Now we can follow the pollstR documentation to grab the data.



slug <- "donald-trump-favorable-rating"
polls <- pollster_charts_polls(slug)[["content"]]
trendlines <- pollster_charts_trendlines(slug)[["content"]]
data <- gather(polls, response, value,Favorable, Unfavorable) %>%
  mutate(value = if_else(is.na(value), 0, value))

I am only looking at favorable vs unfavorable currently, but you will notice undecided is also available. Then we can subset the data from Trump’s first day, which was January 20, 2017. Then divide the data for labels. (There may be a different way to do this so if you have tips please let me know.)

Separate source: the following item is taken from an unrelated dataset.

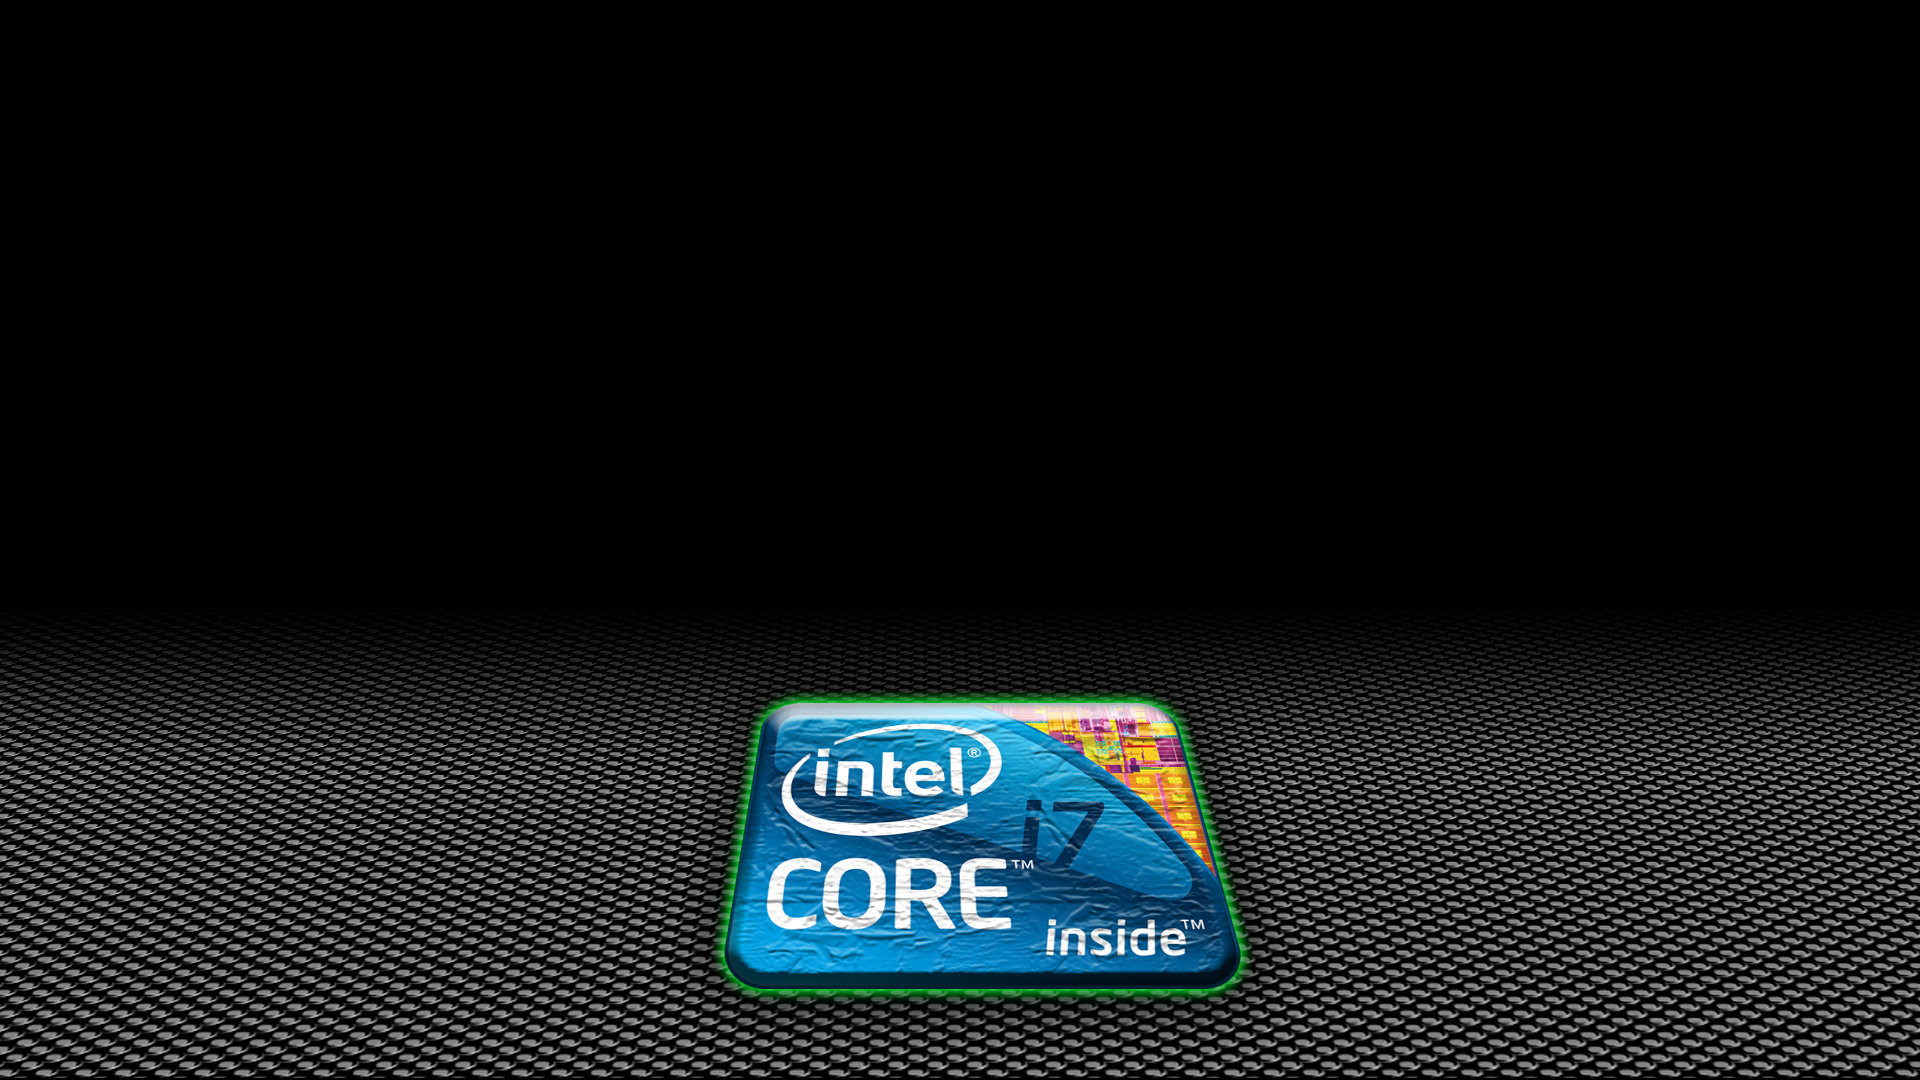 1920x1080 Intel Quad Core I7 HD Wallpaper. Download Wallpaper Wallpaper ...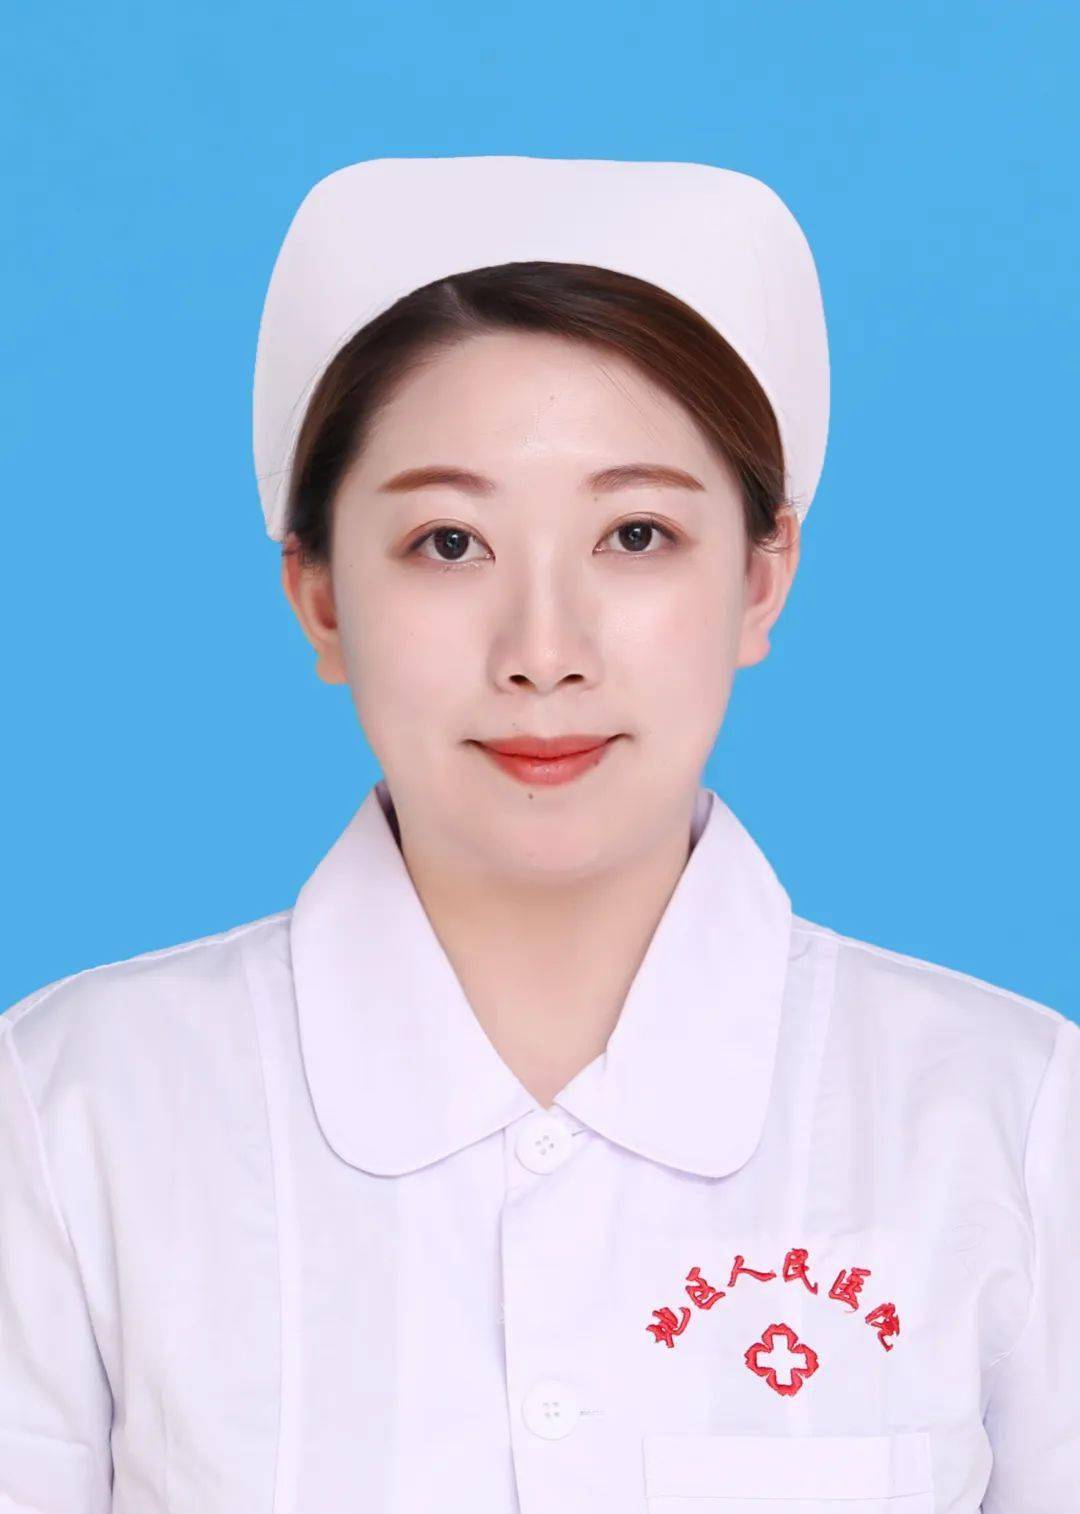 12国际护士节,第八届最美护士评选活动拉开帷幕

t.poll<-subset(data,start_date >='2017-01-20')
un<-subset(t.poll,response=='Unfavorable')
fa<-subset(t.poll,response=='Favorable')

Now plot!



ggplot() +
  geom_point(data = t.poll,aes(x = end_date, y = value, color = response),alpha = 0.5) +
  geom_smooth(data = t.poll, method = "loess" ,aes(x = as.Date(1, as.Date(t.poll$end_date, origin=start)), y = value, color = response,fill=response))+
  theme_ipsum(grid=F)+
  geom_hline(yintercept=50,color='#444444',alpha=.5)+
  scale_x_date(limits = c(min(t.poll$end_date),min(t.poll$end_date)+365))+
  geom_vline(xintercept=as.numeric(max(t.poll$end_date)),color='#444444',alpha=.5,linetype='dotted')+
  geom_label(data = fa, aes(x= max(end_date)+50, y =round(mean(value),1), label=paste(sep=' ',round(mean(value),1),'Favorable'),color = response))+
  geom_label(data = un, aes(x= max(end_date)+50, y = round(mean(value),1), label=paste(sep=' ',round(mean(value),1),'Unfavorable'),color = response))+
  labs(x='',caption='The label displays the mean value rating per response group')+
  theme(legend.position = 'none',panel.grid.major.y = element_line(color='#dedede'),panel.grid.major.x = element_line(color='#dedede'))